The India Skills Report 2024 indicates that the AI industry will hit US$ 28.8 billion by 2025, at a very brisk pace. India is setting up one of the largest AI compute infrastructures worldwide – thereby almost two-thirds of what ChatGPT uses globally. With over 70 research institutes collaborating and hundreds of startups joining in, the ecosystem is abuzz!

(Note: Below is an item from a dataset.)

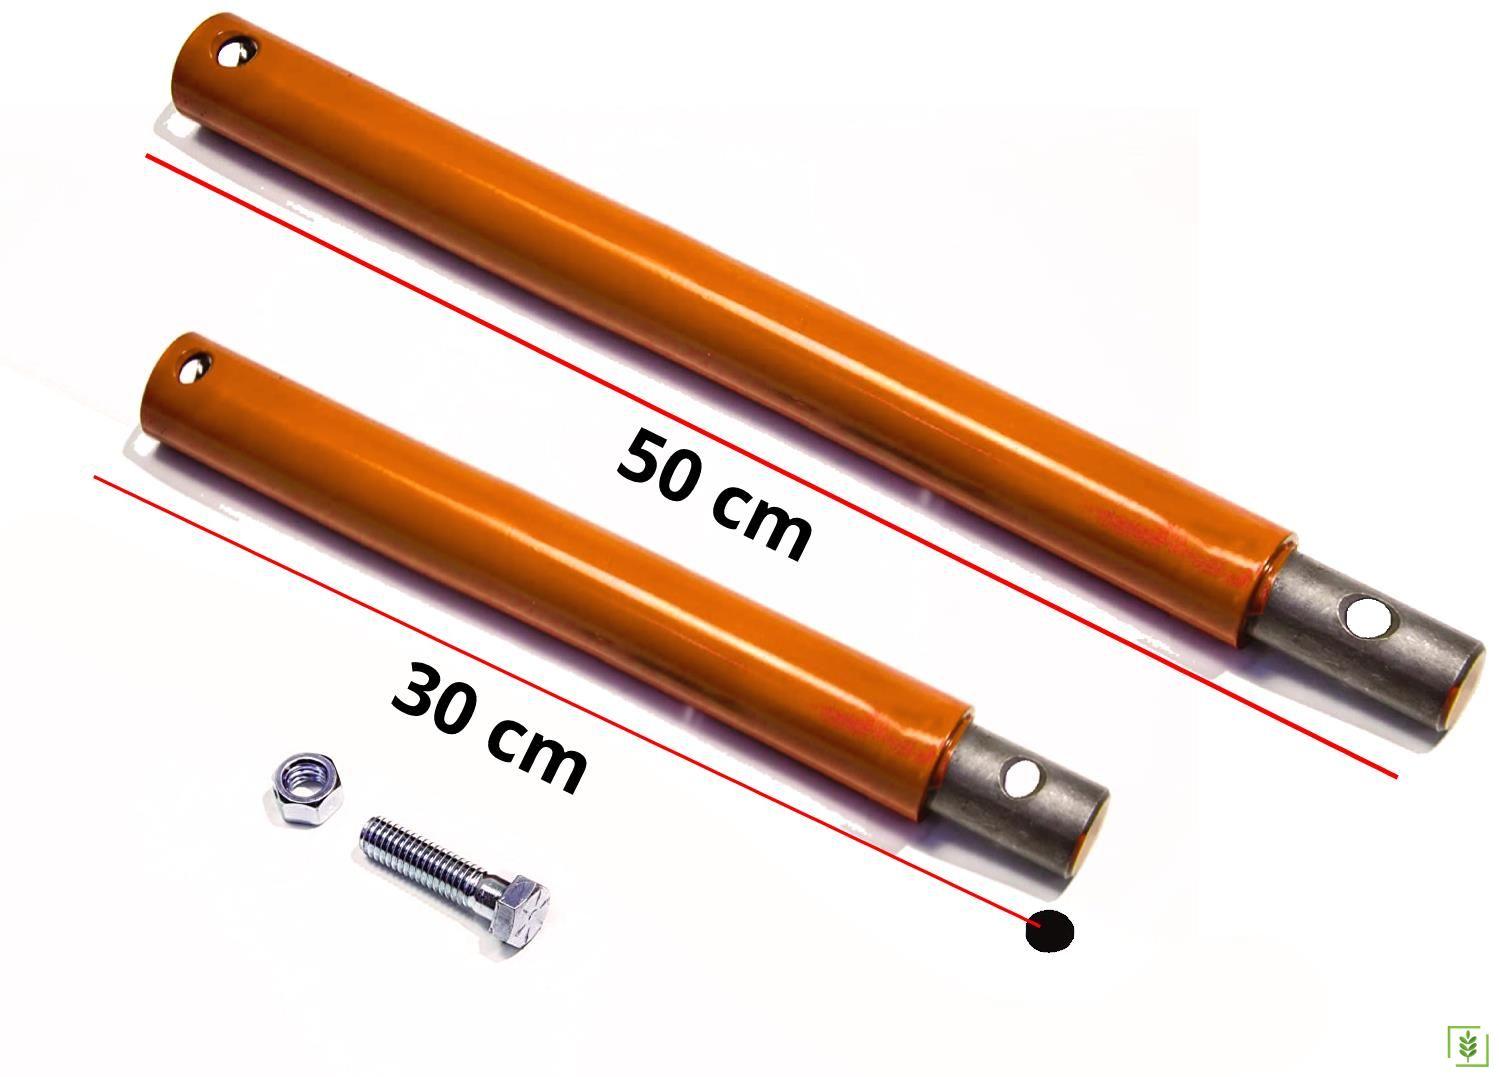 Tomking Toprak Burgu Makinası Uzatma Aparatları 30/50 cm
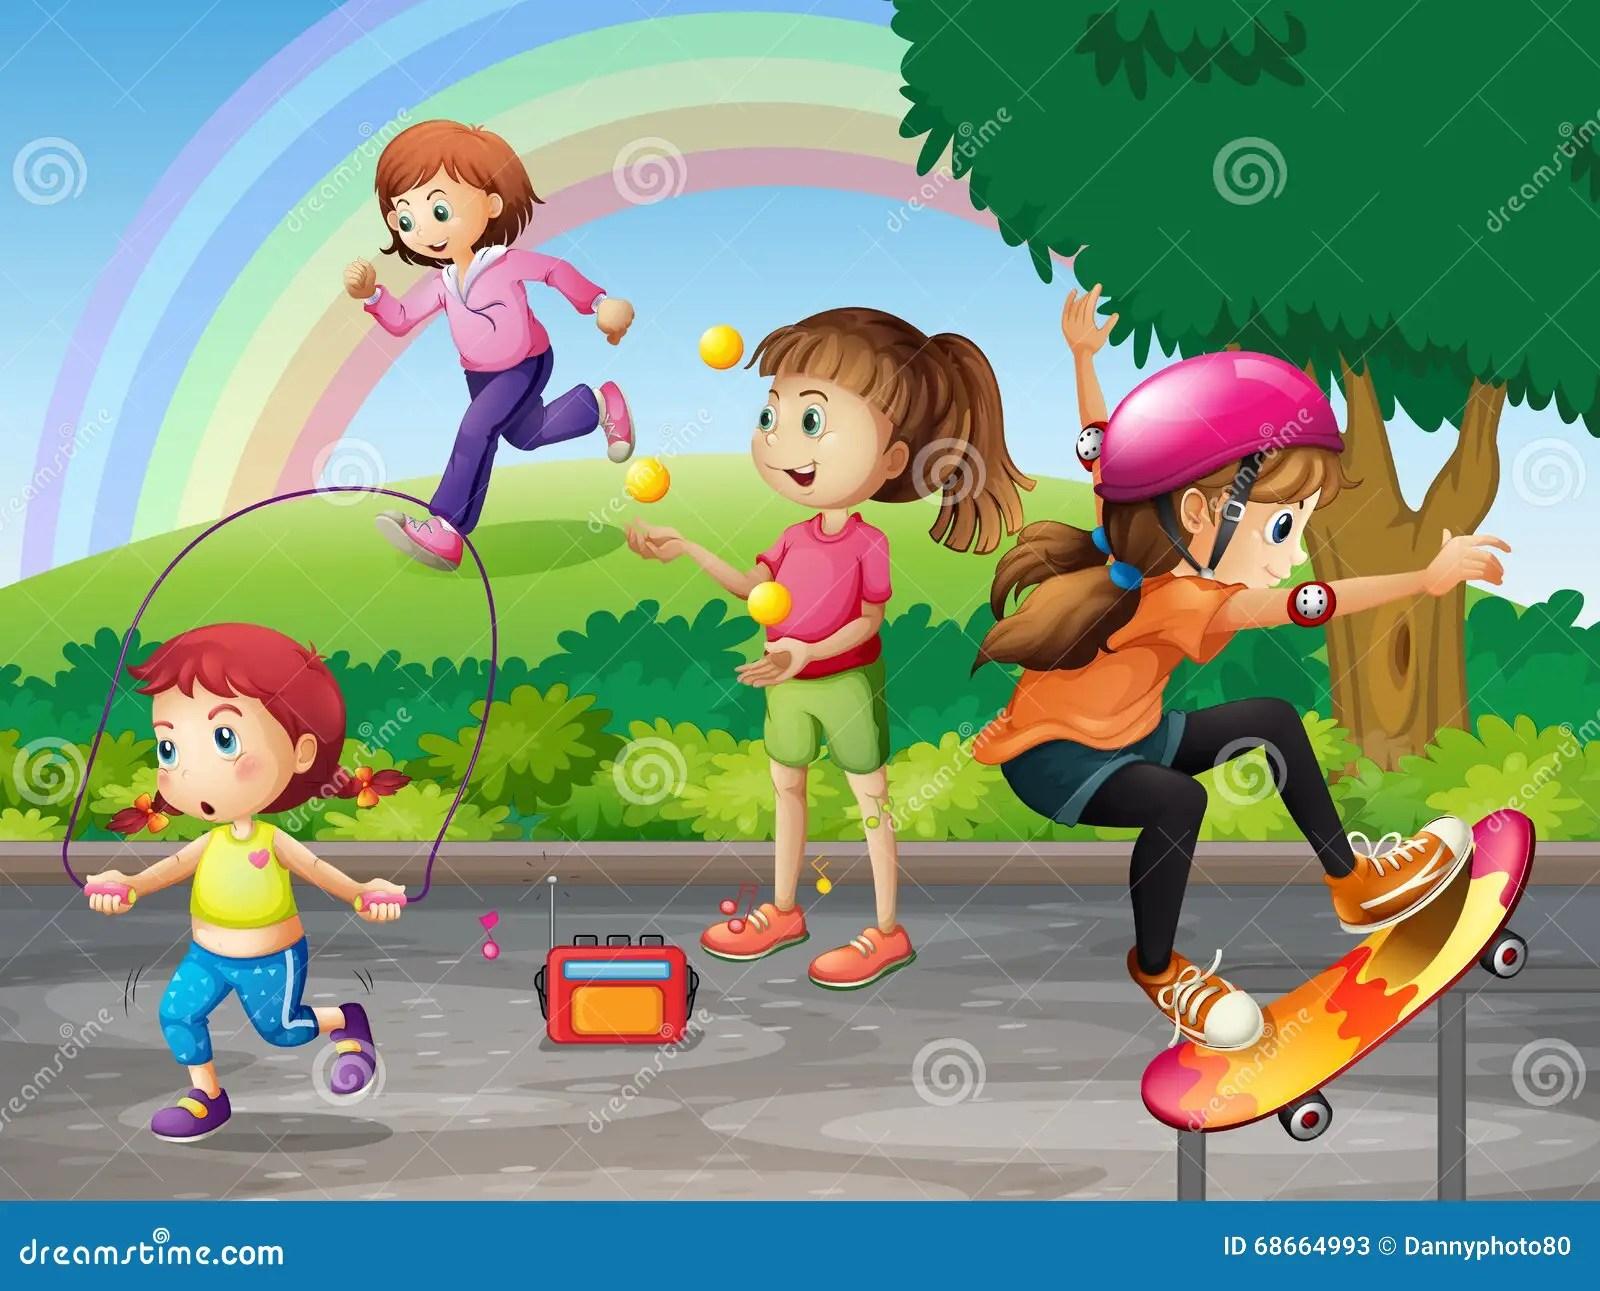 Kids Doing Activities In The Park Stock Vector

Digital Public Infrastructure Combines with AI

The ways in which India has developed its digital public infrastructure including, Aadhaar, UPI, DigiLocker, etc., have already been recognized worldwide as major successes. The goal of the IndiaAI Mission is to do for AI what Open Source has done for software, making AI solutions part of public platforms and ensuring they are faster, smarter and easily available to all Indians. It’s about more than technology; we want every part of India to be a part of a digital society that is both safe and prepared for the future.

The Challenge is About Independent Digital Growth, Not Just New Technology

Building such an AI system also comes with many difficulties. There are yet to be enough AI experts, reliable data and good cloud facilities in India. Amidst increasing AI competition around the world, India is being recognized for its emphasis on freedom, transparency and helping its own people. The mission is more than just working on chips and data, its goal is to see that India’s digital development comes from Indian people and their values.

In the long run, the important question is not whether India can develop AI models that are as good as those elsewhere. The question is whether India’s strategy will bring about an inclusive, safe and self-sufficient digital environment. If the early signs are anything to go by, then the answer could be a resounding yes! Let’s be the first supporters and audience for IndiaAI.